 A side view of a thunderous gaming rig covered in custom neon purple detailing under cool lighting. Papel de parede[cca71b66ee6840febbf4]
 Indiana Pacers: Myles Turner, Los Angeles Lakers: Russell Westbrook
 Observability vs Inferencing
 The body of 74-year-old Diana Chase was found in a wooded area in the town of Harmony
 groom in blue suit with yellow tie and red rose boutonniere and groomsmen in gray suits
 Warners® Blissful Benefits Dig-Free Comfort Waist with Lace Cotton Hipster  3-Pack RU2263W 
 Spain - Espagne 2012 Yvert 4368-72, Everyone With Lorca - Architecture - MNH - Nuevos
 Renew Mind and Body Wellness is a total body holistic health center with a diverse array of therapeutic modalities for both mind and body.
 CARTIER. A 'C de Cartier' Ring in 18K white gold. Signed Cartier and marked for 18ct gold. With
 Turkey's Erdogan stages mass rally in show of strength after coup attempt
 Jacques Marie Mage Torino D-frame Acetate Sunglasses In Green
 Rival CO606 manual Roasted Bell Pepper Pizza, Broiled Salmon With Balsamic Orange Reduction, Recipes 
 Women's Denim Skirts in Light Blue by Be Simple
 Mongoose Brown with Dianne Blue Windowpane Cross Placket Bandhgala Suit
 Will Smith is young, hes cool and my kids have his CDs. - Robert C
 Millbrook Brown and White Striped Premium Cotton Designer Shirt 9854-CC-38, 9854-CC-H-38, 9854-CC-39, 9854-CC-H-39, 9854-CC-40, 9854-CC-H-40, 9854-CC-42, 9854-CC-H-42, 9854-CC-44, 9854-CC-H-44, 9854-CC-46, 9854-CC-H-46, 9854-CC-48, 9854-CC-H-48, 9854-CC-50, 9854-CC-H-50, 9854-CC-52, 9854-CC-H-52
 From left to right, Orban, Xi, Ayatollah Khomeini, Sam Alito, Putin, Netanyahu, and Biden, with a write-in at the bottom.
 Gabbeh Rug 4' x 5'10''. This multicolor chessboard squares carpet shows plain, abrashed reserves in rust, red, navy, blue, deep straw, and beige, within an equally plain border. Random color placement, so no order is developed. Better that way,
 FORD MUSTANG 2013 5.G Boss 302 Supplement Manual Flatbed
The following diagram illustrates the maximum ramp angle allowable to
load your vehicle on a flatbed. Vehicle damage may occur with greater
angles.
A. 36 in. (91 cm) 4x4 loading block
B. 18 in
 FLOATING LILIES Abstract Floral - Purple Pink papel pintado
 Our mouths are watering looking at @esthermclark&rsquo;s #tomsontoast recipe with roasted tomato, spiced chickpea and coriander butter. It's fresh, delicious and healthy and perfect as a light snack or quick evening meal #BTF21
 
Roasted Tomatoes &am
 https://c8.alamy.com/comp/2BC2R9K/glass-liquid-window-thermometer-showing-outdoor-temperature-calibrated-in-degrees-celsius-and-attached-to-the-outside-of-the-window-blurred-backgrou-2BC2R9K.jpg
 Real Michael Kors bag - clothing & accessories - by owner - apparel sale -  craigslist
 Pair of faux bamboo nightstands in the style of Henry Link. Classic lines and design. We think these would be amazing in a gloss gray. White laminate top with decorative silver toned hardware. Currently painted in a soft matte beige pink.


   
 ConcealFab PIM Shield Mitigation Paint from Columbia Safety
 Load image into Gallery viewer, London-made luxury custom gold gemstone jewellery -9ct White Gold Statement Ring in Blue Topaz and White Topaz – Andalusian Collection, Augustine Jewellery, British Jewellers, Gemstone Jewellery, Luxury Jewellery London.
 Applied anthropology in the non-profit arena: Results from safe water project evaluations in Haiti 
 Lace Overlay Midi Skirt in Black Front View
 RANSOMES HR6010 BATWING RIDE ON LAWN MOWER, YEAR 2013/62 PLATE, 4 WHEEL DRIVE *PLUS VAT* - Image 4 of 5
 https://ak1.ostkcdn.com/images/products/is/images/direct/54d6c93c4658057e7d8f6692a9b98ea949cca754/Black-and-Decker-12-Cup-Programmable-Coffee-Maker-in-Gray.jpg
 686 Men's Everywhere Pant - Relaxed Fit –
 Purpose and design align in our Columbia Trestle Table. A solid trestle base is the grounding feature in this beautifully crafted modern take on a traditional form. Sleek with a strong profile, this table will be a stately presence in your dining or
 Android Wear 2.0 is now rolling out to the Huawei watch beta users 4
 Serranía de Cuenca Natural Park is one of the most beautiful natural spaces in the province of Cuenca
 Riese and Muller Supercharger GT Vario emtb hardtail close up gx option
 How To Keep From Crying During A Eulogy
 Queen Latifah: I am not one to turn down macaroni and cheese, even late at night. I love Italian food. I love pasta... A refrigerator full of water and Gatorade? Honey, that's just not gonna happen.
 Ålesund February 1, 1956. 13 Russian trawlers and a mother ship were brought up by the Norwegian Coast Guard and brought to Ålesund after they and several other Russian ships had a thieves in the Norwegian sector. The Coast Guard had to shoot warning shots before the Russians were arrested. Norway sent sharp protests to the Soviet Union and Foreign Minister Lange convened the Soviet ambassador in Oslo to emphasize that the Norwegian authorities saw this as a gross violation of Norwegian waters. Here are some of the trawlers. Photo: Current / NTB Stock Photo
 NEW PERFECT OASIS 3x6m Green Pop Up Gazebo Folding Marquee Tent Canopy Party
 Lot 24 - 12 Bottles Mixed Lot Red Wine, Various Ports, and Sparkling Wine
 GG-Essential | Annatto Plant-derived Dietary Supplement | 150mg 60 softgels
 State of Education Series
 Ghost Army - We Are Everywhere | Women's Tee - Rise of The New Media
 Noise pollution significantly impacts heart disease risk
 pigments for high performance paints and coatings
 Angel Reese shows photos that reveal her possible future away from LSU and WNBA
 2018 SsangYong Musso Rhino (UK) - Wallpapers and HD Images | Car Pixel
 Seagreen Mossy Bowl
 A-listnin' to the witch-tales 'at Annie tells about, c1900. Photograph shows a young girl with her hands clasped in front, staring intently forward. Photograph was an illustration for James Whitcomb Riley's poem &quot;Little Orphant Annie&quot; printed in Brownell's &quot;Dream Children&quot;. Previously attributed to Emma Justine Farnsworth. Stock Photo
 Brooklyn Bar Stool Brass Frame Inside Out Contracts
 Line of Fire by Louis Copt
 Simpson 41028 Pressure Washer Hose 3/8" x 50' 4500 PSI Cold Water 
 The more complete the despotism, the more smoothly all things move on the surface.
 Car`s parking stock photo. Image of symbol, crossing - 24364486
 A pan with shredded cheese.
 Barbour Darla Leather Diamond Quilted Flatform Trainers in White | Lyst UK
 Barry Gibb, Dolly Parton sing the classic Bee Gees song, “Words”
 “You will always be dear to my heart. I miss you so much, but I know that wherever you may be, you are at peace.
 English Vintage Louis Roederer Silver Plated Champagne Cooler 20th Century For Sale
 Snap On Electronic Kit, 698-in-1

◆ ◆ ◆ ◆ ◆

### Prompt
Output the records in full, exactly.

### Task solution
 A side view of a thunderous gaming rig covered in custom neon purple detailing under cool lighting. Papel de parede[cca71b66ee6840febbf4]
 Indiana Pacers: Myles Turner, Los Angeles Lakers: Russell Westbrook
 Observability vs Inferencing
 The body of 74-year-old Diana Chase was found in a wooded area in the town of Harmony
 groom in blue suit with yellow tie and red rose boutonniere and groomsmen in gray suits
 Warners® Blissful Benefits Dig-Free Comfort Waist with Lace Cotton Hipster  3-Pack RU2263W 
 Spain - Espagne 2012 Yvert 4368-72, Everyone With Lorca - Architecture - MNH - Nuevos
 Renew Mind and Body Wellness is a total body holistic health center with a diverse array of therapeutic modalities for both mind and body.
 CARTIER. A 'C de Cartier' Ring in 18K white gold. Signed Cartier and marked for 18ct gold. With
 Turkey's Erdogan stages mass rally in show of strength after coup attempt
 Jacques Marie Mage Torino D-frame Acetate Sunglasses In Green
 Rival CO606 manual Roasted Bell Pepper Pizza, Broiled Salmon With Balsamic Orange Reduction, Recipes 
 Women's Denim Skirts in Light Blue by Be Simple
 Mongoose Brown with Dianne Blue Windowpane Cross Placket Bandhgala Suit
 Will Smith is young, hes cool and my kids have his CDs. - Robert C
 Millbrook Brown and White Striped Premium Cotton Designer Shirt 9854-CC-38, 9854-CC-H-38, 9854-CC-39, 9854-CC-H-39, 9854-CC-40, 9854-CC-H-40, 9854-CC-42, 9854-CC-H-42, 9854-CC-44, 9854-CC-H-44, 9854-CC-46, 9854-CC-H-46, 9854-CC-48, 9854-CC-H-48, 9854-CC-50, 9854-CC-H-50, 9854-CC-52, 9854-CC-H-52
 From left to right, Orban, Xi, Ayatollah Khomeini, Sam Alito, Putin, Netanyahu, and Biden, with a write-in at the bottom.
 Gabbeh Rug 4' x 5'10''. This multicolor chessboard squares carpet shows plain, abrashed reserves in rust, red, navy, blue, deep straw, and beige, within an equally plain border. Random color placement, so no order is developed. Better that way,
 FORD MUSTANG 2013 5.G Boss 302 Supplement Manual Flatbed
The following diagram illustrates the maximum ramp angle allowable to
load your vehicle on a flatbed. Vehicle damage may occur with greater
angles.
A. 36 in. (91 cm) 4x4 loading block
B. 18 in
 FLOATING LILIES Abstract Floral - Purple Pink papel pintado
 Our mouths are watering looking at @esthermclark&rsquo;s #tomsontoast recipe with roasted tomato, spiced chickpea and coriander butter. It's fresh, delicious and healthy and perfect as a light snack or quick evening meal #BTF21
 
Roasted Tomatoes &am
 https://c8.alamy.com/comp/2BC2R9K/glass-liquid-window-thermometer-showing-outdoor-temperature-calibrated-in-degrees-celsius-and-attached-to-the-outside-of-the-window-blurred-backgrou-2BC2R9K.jpg
 Real Michael Kors bag - clothing & accessories - by owner - apparel sale -  craigslist
 Pair of faux bamboo nightstands in the style of Henry Link. Classic lines and design. We think these would be amazing in a gloss gray. White laminate top with decorative silver toned hardware. Currently painted in a soft matte beige pink.


   
 ConcealFab PIM Shield Mitigation Paint from Columbia Safety
 Load image into Gallery viewer, London-made luxury custom gold gemstone jewellery -9ct White Gold Statement Ring in Blue Topaz and White Topaz – Andalusian Collection, Augustine Jewellery, British Jewellers, Gemstone Jewellery, Luxury Jewellery London.
 Applied anthropology in the non-profit arena: Results from safe water project evaluations in Haiti 
 Lace Overlay Midi Skirt in Black Front View
 RANSOMES HR6010 BATWING RIDE ON LAWN MOWER, YEAR 2013/62 PLATE, 4 WHEEL DRIVE *PLUS VAT* - Image 4 of 5
 https://ak1.ostkcdn.com/images/products/is/images/direct/54d6c93c4658057e7d8f6692a9b98ea949cca754/Black-and-Decker-12-Cup-Programmable-Coffee-Maker-in-Gray.jpg
 686 Men's Everywhere Pant - Relaxed Fit –
 Purpose and design align in our Columbia Trestle Table. A solid trestle base is the grounding feature in this beautifully crafted modern take on a traditional form. Sleek with a strong profile, this table will be a stately presence in your dining or
 Android Wear 2.0 is now rolling out to the Huawei watch beta users 4
 Serranía de Cuenca Natural Park is one of the most beautiful natural spaces in the province of Cuenca
 Riese and Muller Supercharger GT Vario emtb hardtail close up gx option
 How To Keep From Crying During A Eulogy
 Queen Latifah: I am not one to turn down macaroni and cheese, even late at night. I love Italian food. I love pasta... A refrigerator full of water and Gatorade? Honey, that's just not gonna happen.
 Ålesund February 1, 1956. 13 Russian trawlers and a mother ship were brought up by the Norwegian Coast Guard and brought to Ålesund after they and several other Russian ships had a thieves in the Norwegian sector. The Coast Guard had to shoot warning shots before the Russians were arrested. Norway sent sharp protests to the Soviet Union and Foreign Minister Lange convened the Soviet ambassador in Oslo to emphasize that the Norwegian authorities saw this as a gross violation of Norwegian waters. Here are some of the trawlers. Photo: Current / NTB Stock Photo
 NEW PERFECT OASIS 3x6m Green Pop Up Gazebo Folding Marquee Tent Canopy Party
 Lot 24 - 12 Bottles Mixed Lot Red Wine, Various Ports, and Sparkling Wine
 GG-Essential | Annatto Plant-derived Dietary Supplement | 150mg 60 softgels
 State of Education Series
 Ghost Army - We Are Everywhere | Women's Tee - Rise of The New Media
 Noise pollution significantly impacts heart disease risk
 pigments for high performance paints and coatings
 Angel Reese shows photos that reveal her possible future away from LSU and WNBA
 2018 SsangYong Musso Rhino (UK) - Wallpapers and HD Images | Car Pixel
 Seagreen Mossy Bowl
 A-listnin' to the witch-tales 'at Annie tells about, c1900. Photograph shows a young girl with her hands clasped in front, staring intently forward. Photograph was an illustration for James Whitcomb Riley's poem &quot;Little Orphant Annie&quot; printed in Brownell's &quot;Dream Children&quot;. Previously attributed to Emma Justine Farnsworth. Stock Photo
 Brooklyn Bar Stool Brass Frame Inside Out Contracts
 Line of Fire by Louis Copt
 Simpson 41028 Pressure Washer Hose 3/8" x 50' 4500 PSI Cold Water 
 The more complete the despotism, the more smoothly all things move on the surface.
 Car`s parking stock photo. Image of symbol, crossing - 24364486
 A pan with shredded cheese.
 Barbour Darla Leather Diamond Quilted Flatform Trainers in White | Lyst UK
 Barry Gibb, Dolly Parton sing the classic Bee Gees song, “Words”
 “You will always be dear to my heart. I miss you so much, but I know that wherever you may be, you are at peace.
 English Vintage Louis Roederer Silver Plated Champagne Cooler 20th Century For Sale
 Snap On Electronic Kit, 698-in-1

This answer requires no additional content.